TASK: Look through the records below for the line with "30 novembre 1983, Sassonia, Eilenburg: A" and the line with "uniforme empresarial blusas", then return those lines and all lines between, exactly.

DATASET EXCERPTS:

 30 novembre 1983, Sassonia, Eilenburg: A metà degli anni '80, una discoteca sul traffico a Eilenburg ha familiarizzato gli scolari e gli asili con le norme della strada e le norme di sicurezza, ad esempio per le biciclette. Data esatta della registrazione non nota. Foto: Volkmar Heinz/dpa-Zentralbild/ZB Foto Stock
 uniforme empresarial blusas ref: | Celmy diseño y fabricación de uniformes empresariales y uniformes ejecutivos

--

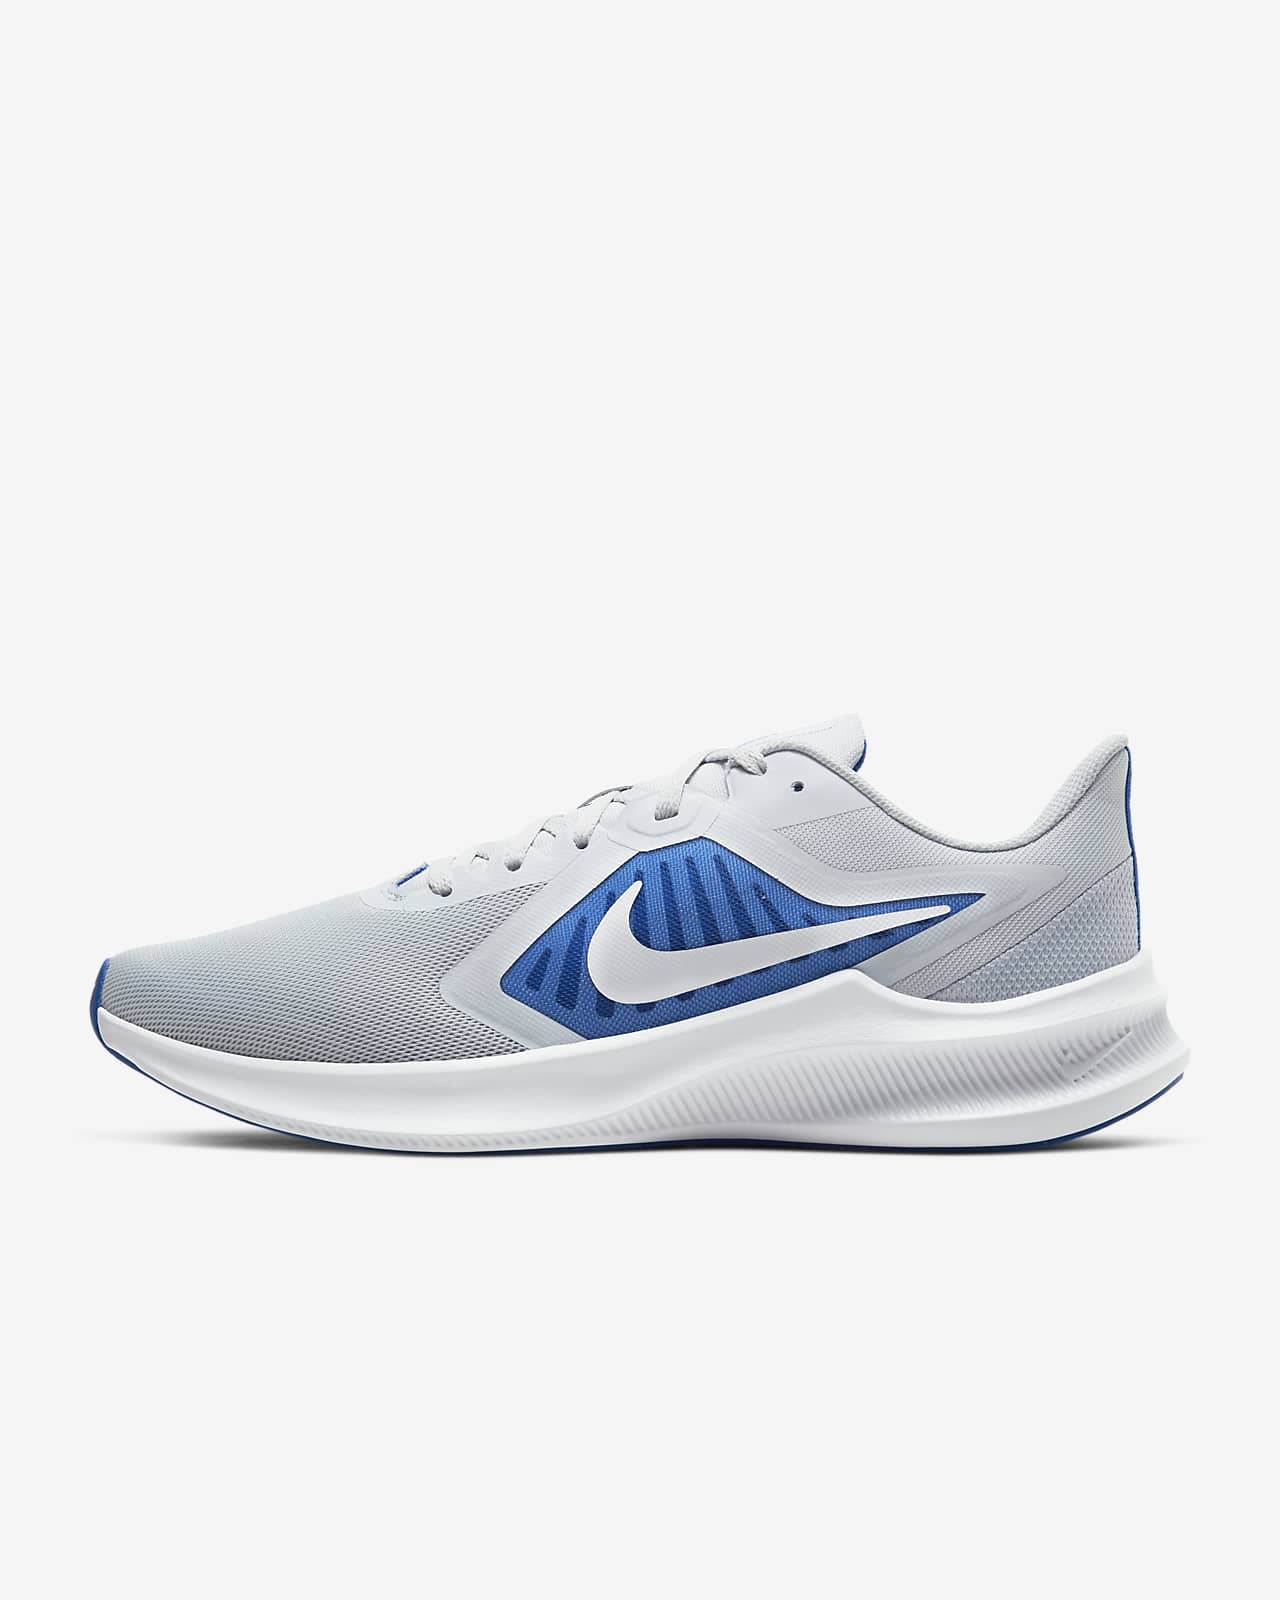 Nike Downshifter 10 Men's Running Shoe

PROBLEM SOLUTION:
 30 novembre 1983, Sassonia, Eilenburg: A metà degli anni '80, una discoteca sul traffico a Eilenburg ha familiarizzato gli scolari e gli asili con le norme della strada e le norme di sicurezza, ad esempio per le biciclette. Data esatta della registrazione non nota. Foto: Volkmar Heinz/dpa-Zentralbild/ZB Foto Stock
 uniforme empresarial blusas ref: | Celmy diseño y fabricación de uniformes empresariales y uniformes ejecutivos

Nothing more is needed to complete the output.